Chicago Commissioner of Taxes
- In office 1864–1868

President of the Chicago Board of Education
- In office 1864–1866
- Preceded by: Walter Loomis Newberry
- Succeeded by: George C. Clarke

City Treasurer of Chicago
- In office 1857–1858
- Preceded by: O.J. Rose
- Succeeded by: Alonzo Harvey City

Chicago Alderman from the 5th ward
- In office 1855–1857 Serving with Jasper D. Ward (1855–56) Russell Green (1856–57)
- Preceded by: William H. Scoville
- Succeeded by: Artimas Carter

Personal details
- Born: Charles Newton Holden May 13, 1816 Fort Covington, New York
- Died: September 29, 1887 (aged 71) Chicago, Illinois
- Resting place: Rosehill Cemetery
- Party: Republican
- Relatives: Charles C. P. Holden (cousin)

= Charles N. Holden =

Chicago politician

Charles Newton Holden (May 13, 1816 – September 29, 1887) was an American politician who served as city treasurer of Chicago, a Chicago alderman, president of the Chicago Board of Education, and Chicago commissioner of taxes. He was the unsuccessful Republican Party nominee for mayor of Chicago in 1862.

==Early life==
Holden was born May 13, 1816, in Fort Covington, New York.

==Career==
Holden was a school teacher at the age of 20.

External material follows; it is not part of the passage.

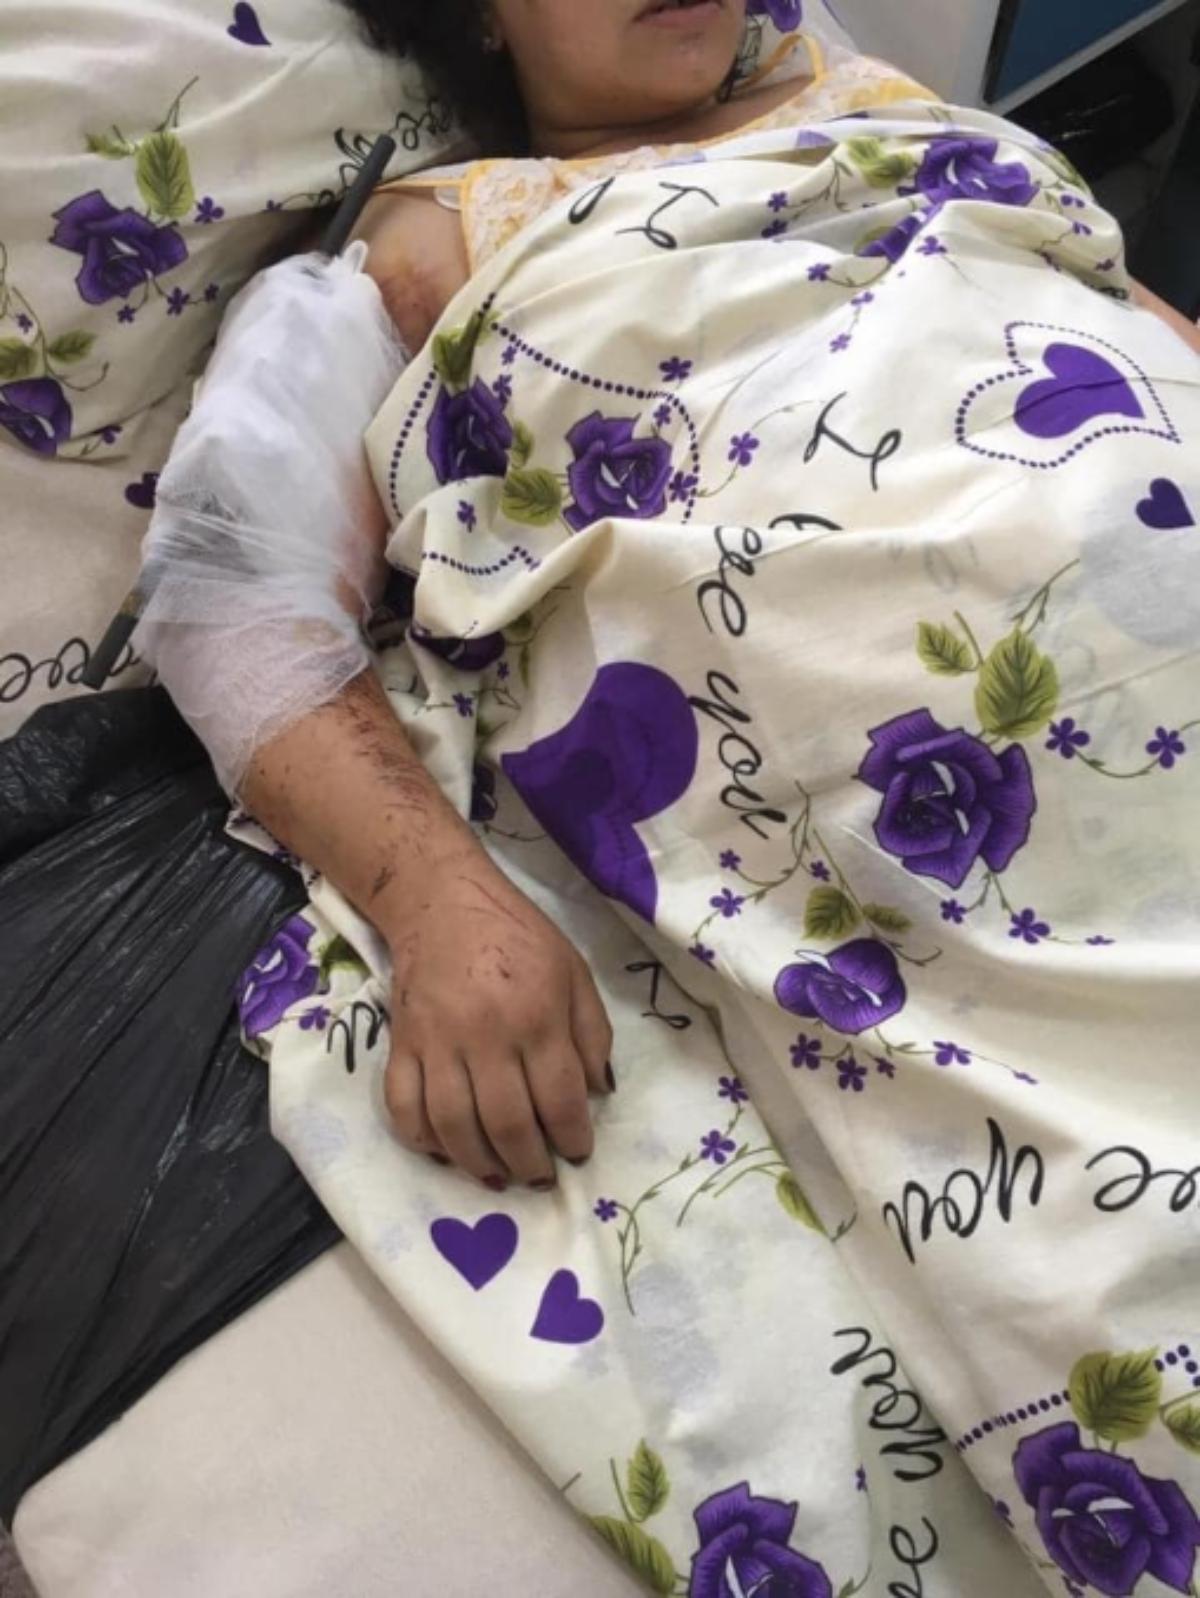 Արտակ Բեգլարյանն այցելել է ադրբեջանական ագրեսիայի հետևանքով վիրավորված քաղաքացիական անձանց

After working as a store clerk for a year, Holden moved to Chicago. He soon moved to Will County, Illinois, where he briefly lived with relatives and found work at a claim. Quickly moving back to Chicago, he found employment at a clerk in John H. Kinzie's lumber yard.

Holden was elected as a Chicago alderman from the 5th ward in 1855, serving until 1857, when he was elected Chicago city treasurer, a position he held through the following year.

Holden was a supporter of the 1860 presidential candidacy of Abraham Lincoln. He served on the committee that arranged the construction of the Wigwam, which was built to host the 1860 Republican National Convention.

In 1862, Holden was the Republican Party nominee for mayor of Chicago. He lost the election to Democratic nominee Francis Cornwall Sherman.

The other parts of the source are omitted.